Cleanup Stuck Executions
NoETL provides a mechanism to clean up stuck executions that may occur due to server crashes, network failures, or other interruptions. This guide explains how to identify and cancel stuck executions using both the CLI and REST API.
What Are Stuck Executions?
An execution is considered "stuck" when it lacks a terminal event in the event table. Terminal events include:
playbook.completed- Successful completionplaybook.failed- Failed executionexecution.cancelled- Manually cancelled
Executions without these terminal events remain in a RUNNING state indefinitely and can clutter the system.
Common Causes
- Server crashes during execution
- Network interruptions between server and workers
- Worker pod restarts in Kubernetes
- Database connection failures during event reporting
- Manual container/pod deletion
Cleanup Methods
CLI Command
The NoETL CLI provides a cleanup command to identify and cancel stuck executions:
# Preview stuck executions (dry-run mode)
noetl cleanup --dry-run
# Cancel stuck executions older than 5 minutes (default)
noetl cleanup
# Cancel executions older than 10 minutes
noetl cleanup --older-than-minutes 10
# Dry-run with custom age threshold
noetl cleanup --older-than-minutes 15 --dry-run
# JSON output for automation
noetl cleanup --json
Parameters
--older-than-minutes: Minimum age in minutes for executions to be cancelled (default: 5, minimum: 1)--dry-run: Preview mode - shows what would be cancelled without actually cancelling--json: Output results in JSON format for scripting/automation
Example Output
============================================================
[DRY RUN] Cleanup Stuck Executions
============================================================
Older than: 5 minutes
Found: 3 stuck execution(s)
[DRY RUN] Would cancel 3 stuck executions older than 5 minutes
Execution IDs:
- 123
- 124
- 125
Note: Run without --dry-run to actually cancel these executions
============================================================
REST API
The cleanup functionality is also available via the REST API:
Endpoint
POST /api/executions/cleanup
Content-Type: application/json
Request Body
{
"older_than_minutes": 5,
"dry_run": false
}
Response
{
"cancelled_count": 3,
"execution_ids": [123, 124, 125],
"message": "Cancelled 3 stuck executions older than 5 minutes"
}
Example with curl
# Dry-run
curl -X POST http://localhost:8082/api/executions/cleanup \
-H "Content-Type: application/json" \
-d '{"older_than_minutes": 5, "dry_run": true}'
# Actual cleanup
curl -X POST http://localhost:8082/api/executions/cleanup \
-H "Content-Type: application/json" \
-d '{"older_than_minutes": 5, "dry_run": false}'
Best Practices
Regular Monitoring
Check for stuck executions periodically:
# Check daily for stuck executions
noetl cleanup --older-than-minutes 60 --dry-run
Conservative Age Threshold
Use appropriate age thresholds to avoid cancelling legitimately long-running executions:
- Default (5 minutes): Suitable for most playbooks
- 10-15 minutes: For playbooks with long-running tasks
- 60+ minutes: For ETL pipelines or batch processing jobs
Automation
Integrate cleanup into monitoring workflows:
#!/bin/bash
# cleanup-stuck-executions.sh
# Check for stuck executions older than 10 minutes
RESULT=$(noetl cleanup --older-than-minutes 10 --json)

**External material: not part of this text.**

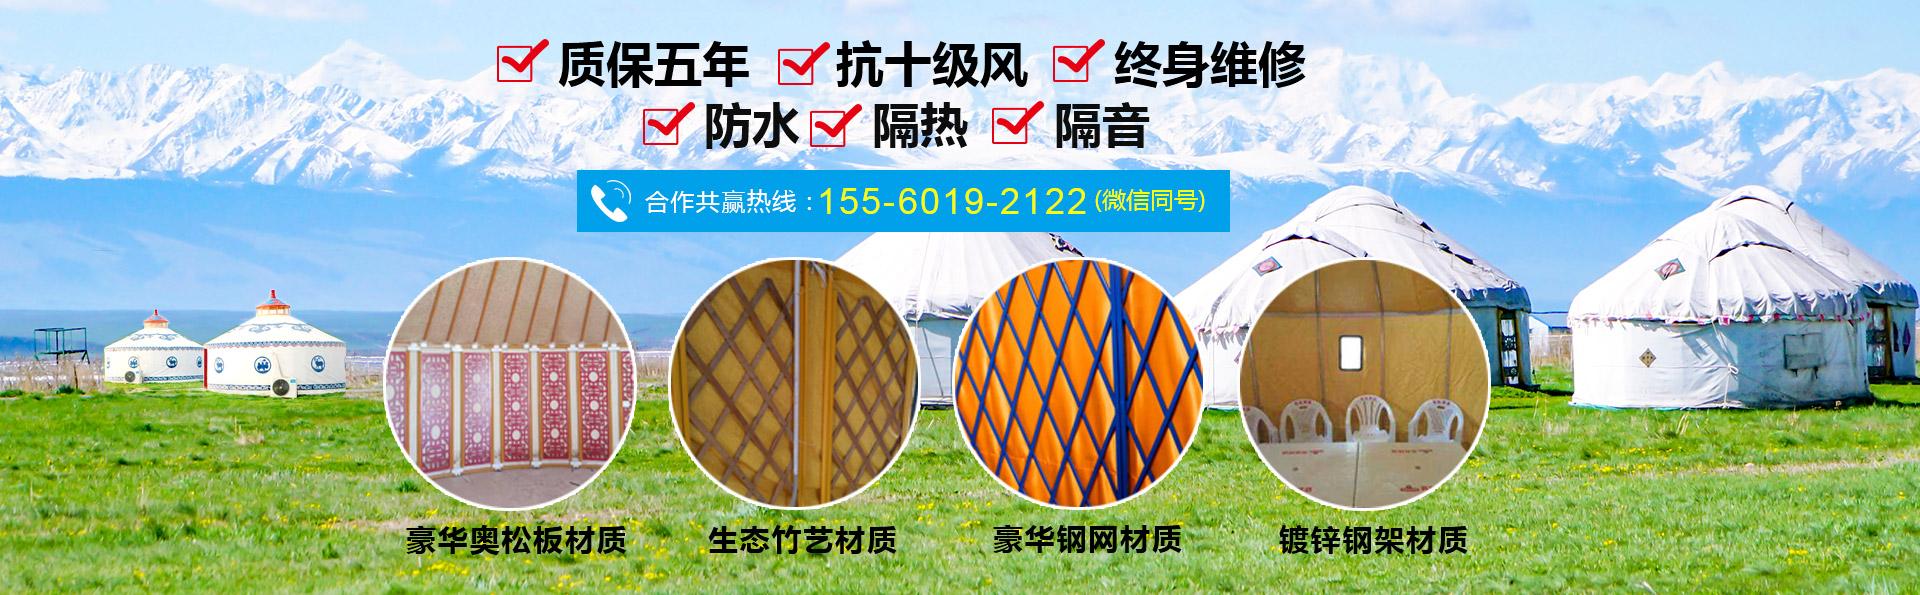 蒙古包厂家,蒙古包帐篷,蒙古包设计,蒙古包装修

COUNT=$(echo $RESULT | jq -r '.cancelled_count')
if [ "$COUNT" -gt 0 ]; then
echo "Cancelled $COUNT stuck executions"
# Send notification
echo $RESULT | jq -r '.execution_ids[]' | while read id; do
echo " - Execution ID: $id"
done
fi
Dry-Run First
Always use --dry-run to preview changes before executing:
# Step 1: Preview
noetl cleanup --older-than-minutes 5 --dry-run
# Step 2: Review output
# Step 3: Execute
noetl cleanup --older-than-minutes 5
Preventing Stuck Executions
Auto-Resume Configuration
NoETL includes an auto-resume mechanism that marks interrupted executions as cancelled on server restart. This is configured in the server settings:
# noetl/server/auto_resume.py
RESUME_WINDOW_MINUTES = 5 # Only check last 5 minutes
Monitoring
Monitor execution health using the events API:
# Query running executions
noetl query "SELECT execution_id, created_at FROM noetl.event WHERE event_type = 'execution.started' AND execution_id NOT IN (SELECT execution_id FROM noetl.event WHERE event_type IN ('playbook.completed', 'playbook.failed', 'execution.cancelled'))" --schema noetl
Database Backup
Regularly backup the NoETL event table to recover from data corruption:
pg_dump -h localhost -p 54321 -U noetl -d noetl -t event > event_backup.sql
Troubleshooting
No Stuck Executions Found
If cleanup reports 0 executions but the UI shows stuck jobs:
- Check the actual database state:
noetl query "SELECT execution_id, MAX(event_id) as max_event, MAX(event_type) as last_event FROM noetl.event GROUP BY execution_id HAVING MAX(event_type) NOT IN ('playbook.completed', 'playbook.failed', 'execution.cancelled')"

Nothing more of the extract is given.